To the best of our knowledge, this drug discovery approach has not been applied to anti-hyperhidrosis drug repurposing. Therefore, the objectives of the present study were to describe the hypohidrosis or anhidrosis cases submitted to the FAERS database, evaluate the signals between drugs and hypohidrosis or anhidrosis using disproportionality analyses, and examine the onset time of hypohidrosis or anhidrosis events after drug exposure. We hoped this study would provide unique insight into pharmacovigilance-based anti-hyperhidrosis drug repurposing and furnish possible treatment options for hyperhidrosis through indication expansion.

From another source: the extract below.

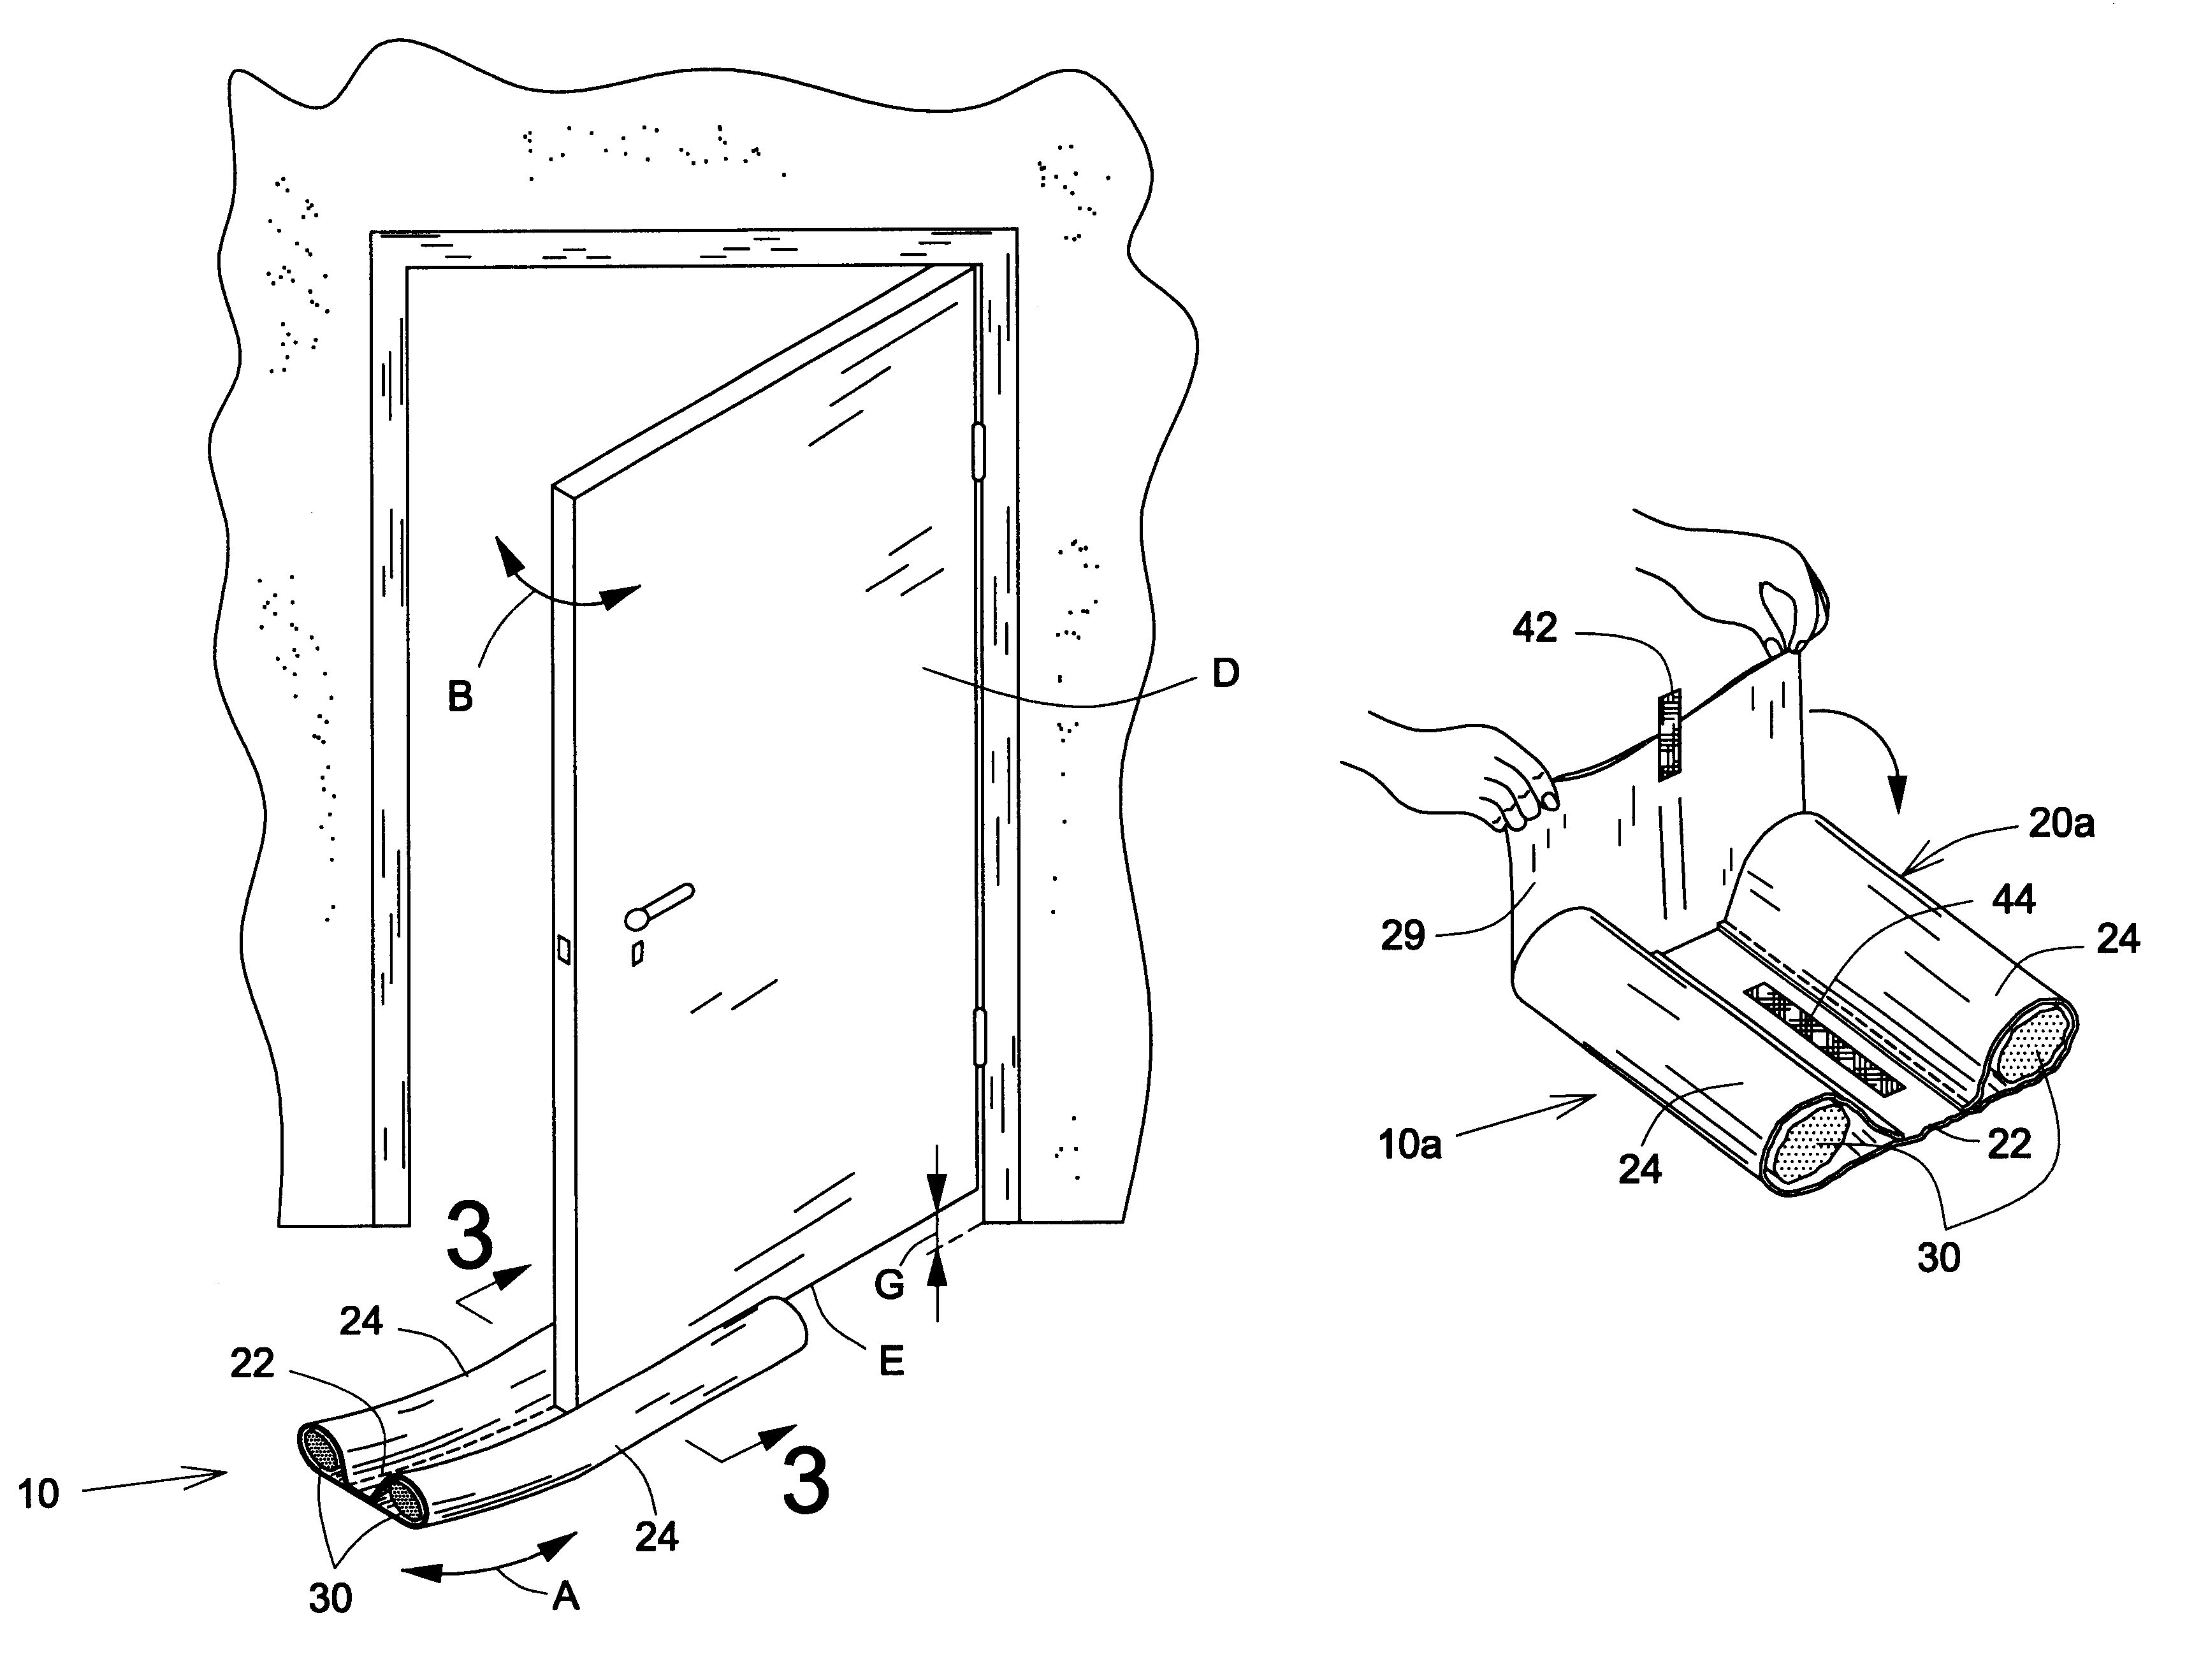 Removable draft excluder having a foldable closing end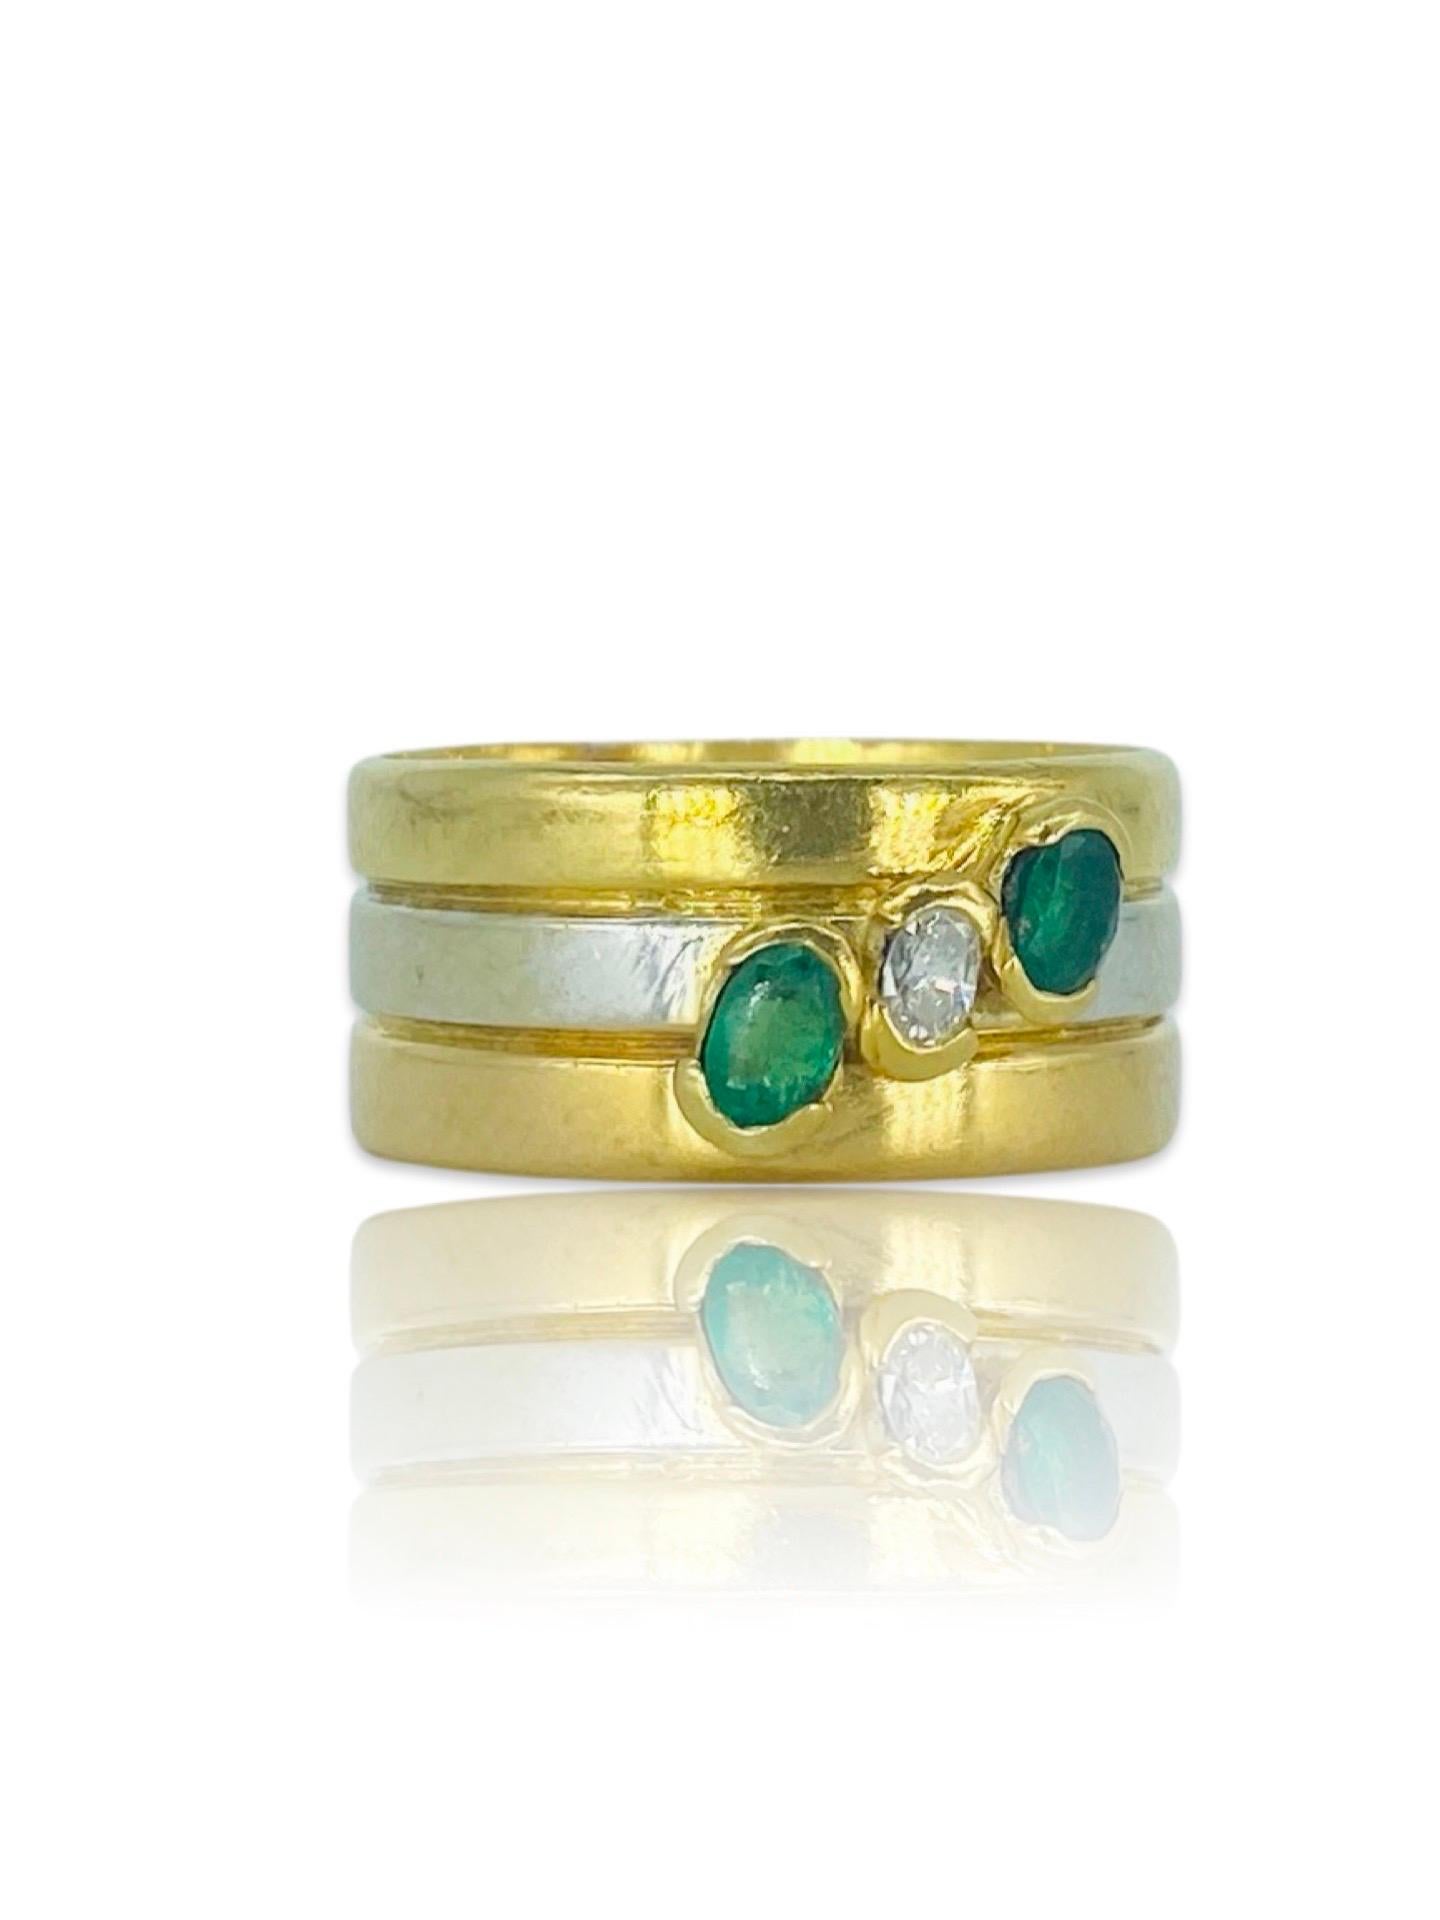 Oval Cut Vintage 0.50 Carat Oval Emeralds & Diamond3-Row Tricolor Gold Band Ring 18k For Sale

Study design and data source
We performed a retrospective pharmacovigilance study using the FAERS database from January 2004 to December 2021. The FAERS is one of the most comprehensive sources of pharmacovigilance big data worldwide. Data from the FAERS are routinely used by national drug regulating authorities to identify potential safety signals. Compared with other international spontaneous reporting systems, FAERS has unique characteristics, including providing public access to raw data and allowing for the recognition of the different role codes for drugs, such as primary suspect, secondary suspect, interacting, and concomitant agents . As the database is an anonymized open-access database, institutional review board approval and informed consent were not needed.
The data sets consisted of several data tables as follows: “DEMO” table for demographic and administrative information, “DRUG” table for drug information, “REAC” table for adverse events, “RPSR” table for report sources, “THER” table for therapy dates for reported drugs, “OUTC” table for patient outcome, and “INDI” table for indications for drug use. We first removed duplicate records by choosing the earliest FDA_DT when the CASEIDs were the same and selecting the higher PRIMARYID when the FDA_DT and CASEIDs were the same. We finally included 14,467,172 cases from the FAERS database for further analysis.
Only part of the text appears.